先島はチョウの確保まであと一歩と言う所まで追い詰めた事が有る。
その時は覚せい剤の取引現場を抑える予定で乗り込んだ。しかし、警察上層部の裏切り者の密告によりチョウを取り逃がした。そして、現場では罠に嵌められた同僚や部下を失ってしまっているのだ。
余りの怒りに我を忘れた先島は、署内の会議室で裏切り者と対峙した際に相手を射殺してしまった。
その事を咎められた先島は警察に留置されたが、警察内部の手酷い汚点の発覚を恐れた上層部が事件をもみ消した。
釈放された先島は公安警察を追い払われて、国家保安室と言う実態も曖昧な組織に移動させられた。
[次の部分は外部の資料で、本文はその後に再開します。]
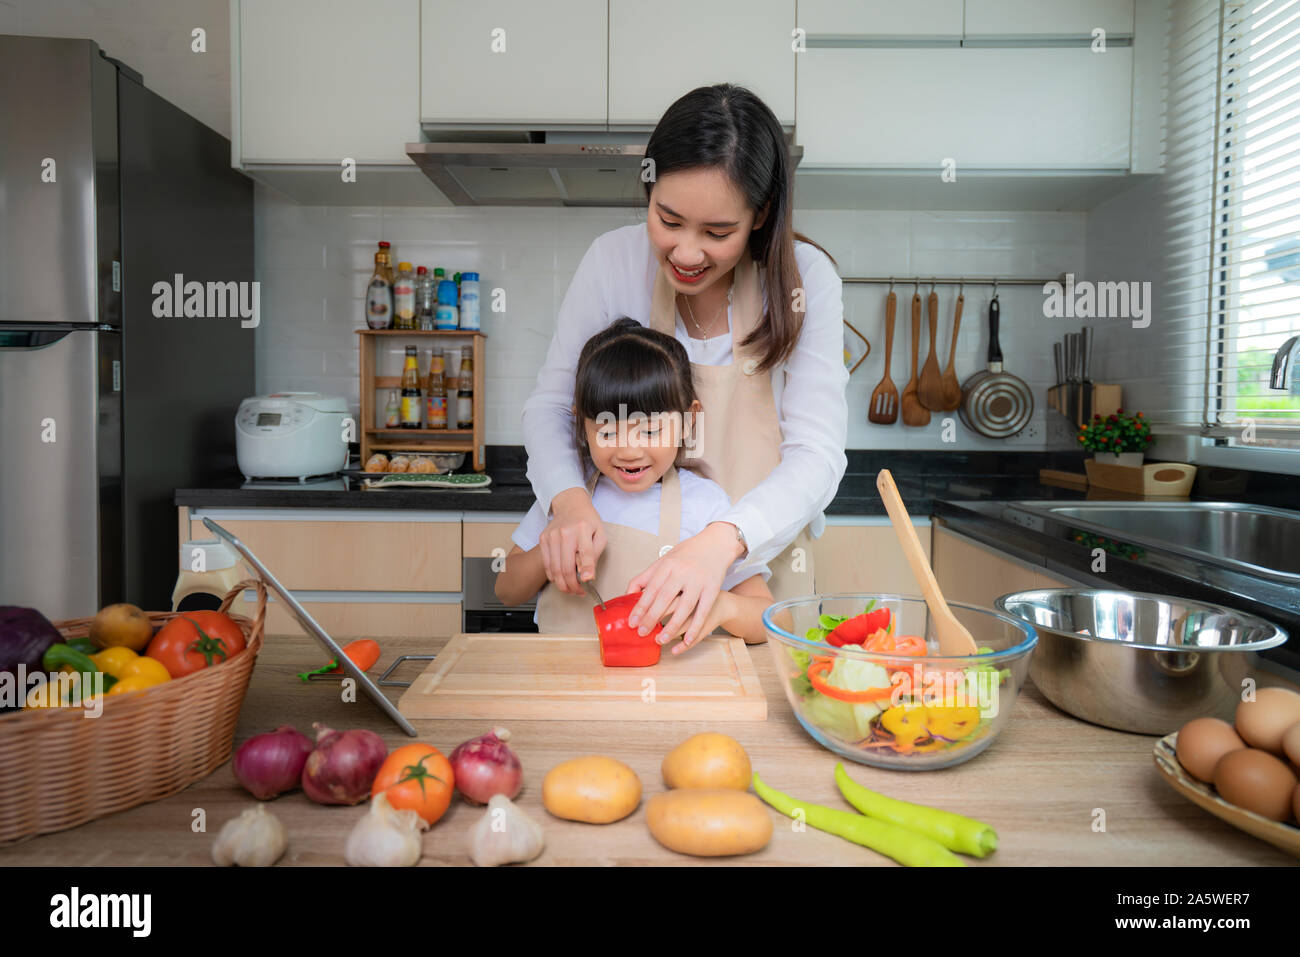 Portrait von schöne asiatische junge Frau und ihre Tochter kochen Salat zum Mittagessen und Schneiden rote Glocke Peper, während sie essen, Familie leben Liebe Relati Stockfoto

つまり、国家の監視下に置かれているのだ。
先島は捜査の途中で家族を交通事故で失っている。失う者が無い先島にとって、警察や国家の思惑などどうでも良い事だ。
何しろ国家の暗闇を熟知している先島は爆弾のような物だ。自由にさせると何をしでかすか分からない。警察の上層部は身分を刑事のままにして首輪を嵌めらる事にしたのだ。
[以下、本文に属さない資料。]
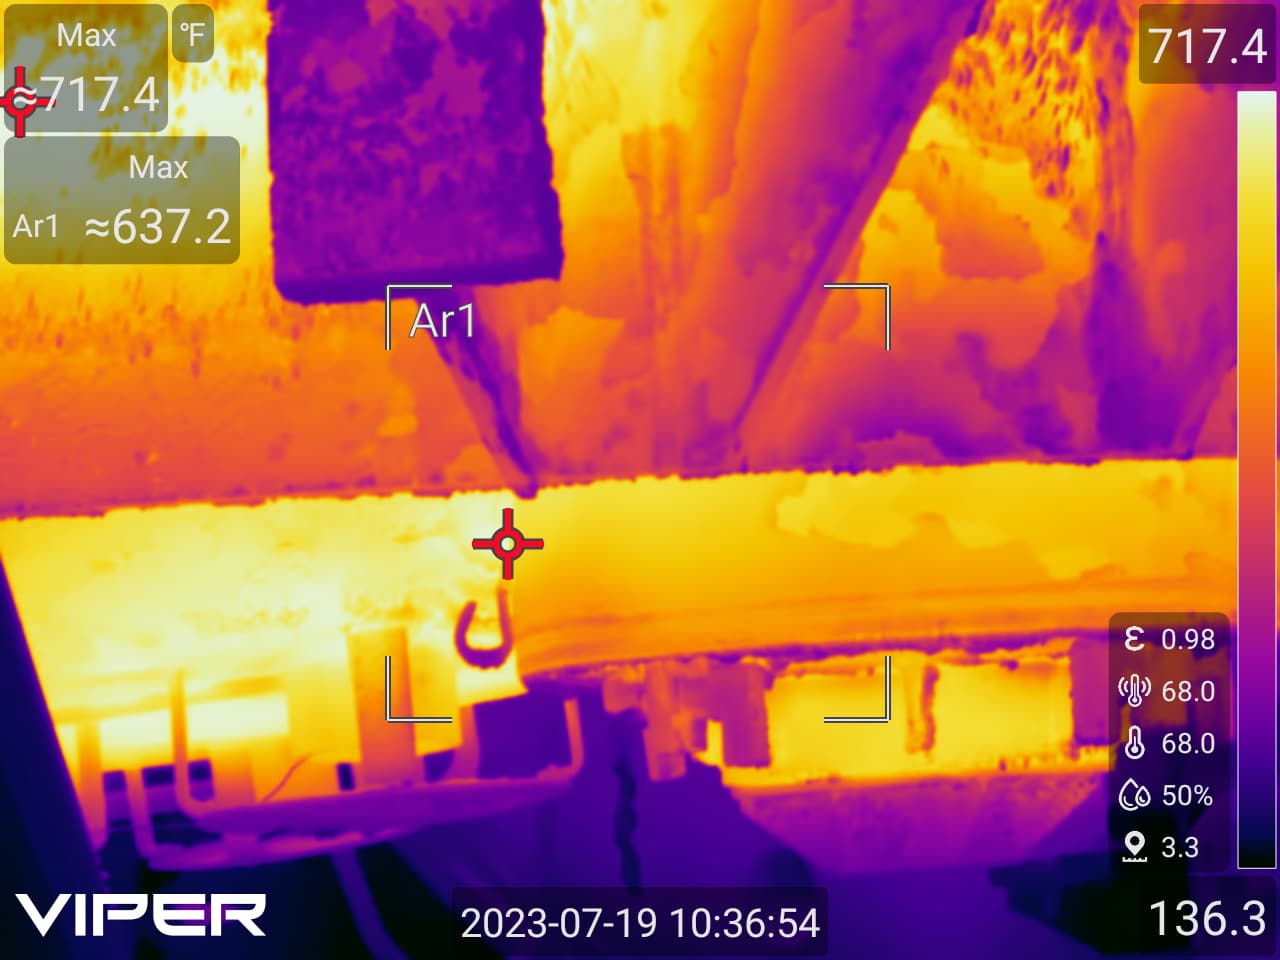 Viper PG384 for infrared inspection

(狂犬でも飼い犬のままの方が使い勝手が良いのか……)
それでも先島は公安を離れる気は無かった。同僚や部下の敵を取りたかったからだった。
「手帳を預かって行ってもよろしいですか?」
先島は手帳を手に持ったまま尋ねた。他にも手掛かりがあるかもしれないと考えたのだ。
「はい、どうぞ。 ご遺族からは関わり合いになりたくないと、引き取りを拒否してきましたからね」
そう言うと担当者は他に取り出した雑多な小物を鞄に詰め始めた。
「えらい嫌われようだな……」
先島は苦笑した。担当者も釣られて笑っていた。
「生前は色々とやらかしていたみたいですよ…… この大作家先生は……」
担当者は笑いながら快諾していた。
「この遺体はどうなるんですか?」
ふと、気になって聞いてみた。
「葬儀会社の方が適当に処分するようです」
なんでも、行政に迷惑はかけたくないとして、火葬費用は負担するが埋葬などはやらないのだそうだ。適当と言っても葬儀会社が契約している共同墓地に入れてしまうだけの話だ。
「へぇ、珍しいですね……」
孤独死などして身寄りが判明しない時には、行政などが負担して荼毘にして共同墓地に埋葬するケースが多いと聞いた事が有る。
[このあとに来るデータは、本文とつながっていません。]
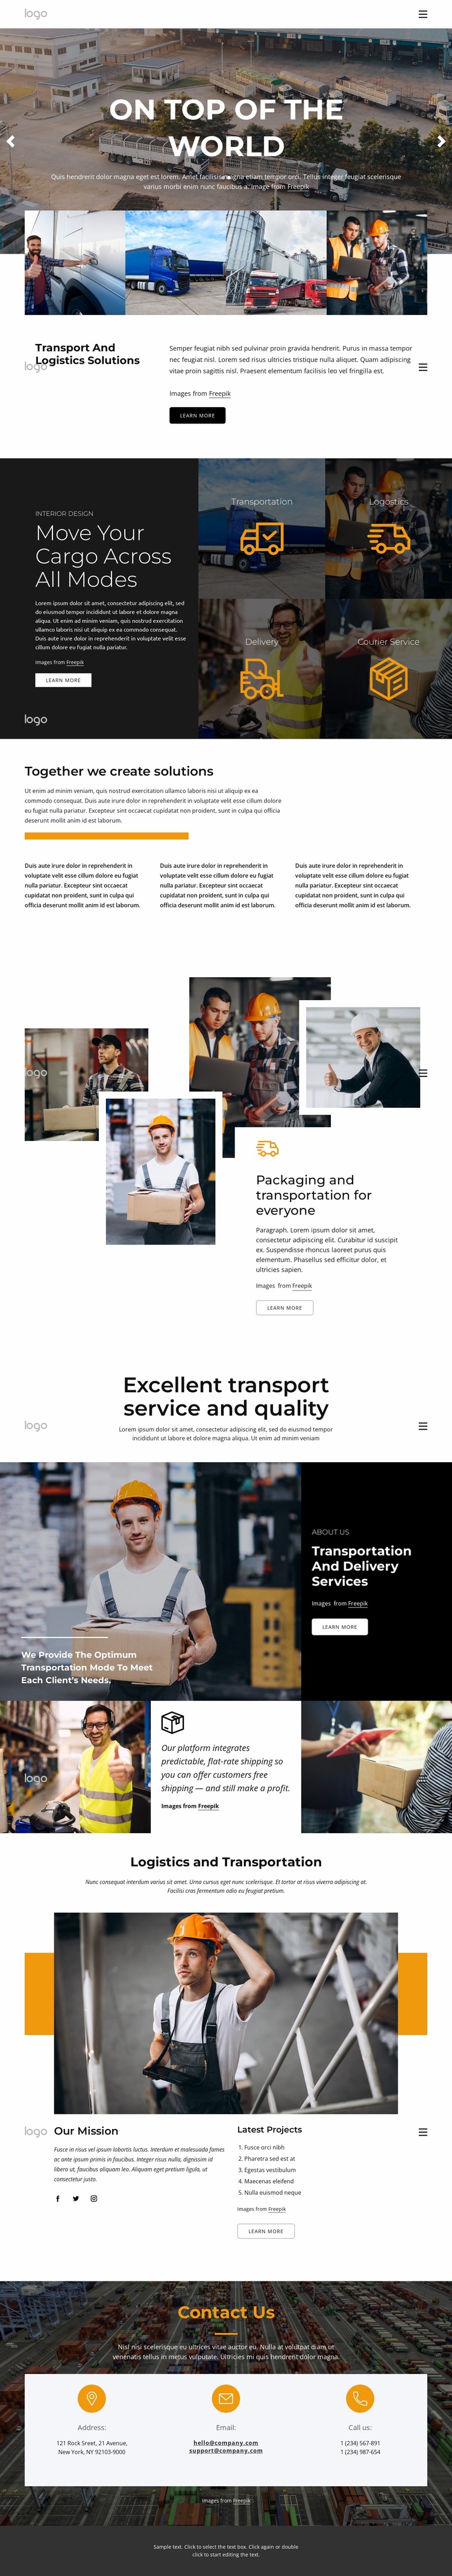 Transportation and logistics management Website Design

「そうでも無いですよ。 特に借金などを苦にしての自殺などの遺体は引き取り拒否が多いですね」
余計な面倒を抱え込みたくないのだろう。特に借金関係は法的に面倒な手続きをしなければならないので一番嫌われる原因だ。
人生の最後まで寂しい人なのだなと先島は思った。
「それにしても、こんな問題ある人物がよく日本に潜り込めますよね?」
担当者は話題を変えたいのか、書類に何やら記入しながら訊ねて来た。人物とはチョウの事だ。
「ええ、奴らの国には偽装の専門機関もあるからね……」
何しろ個人を特定する情報を、国家がすりかえてしまうのだ。簡単に他人に成りすます事が出来る。日本に潜入できたのもそういう伝手が働いているのだろう。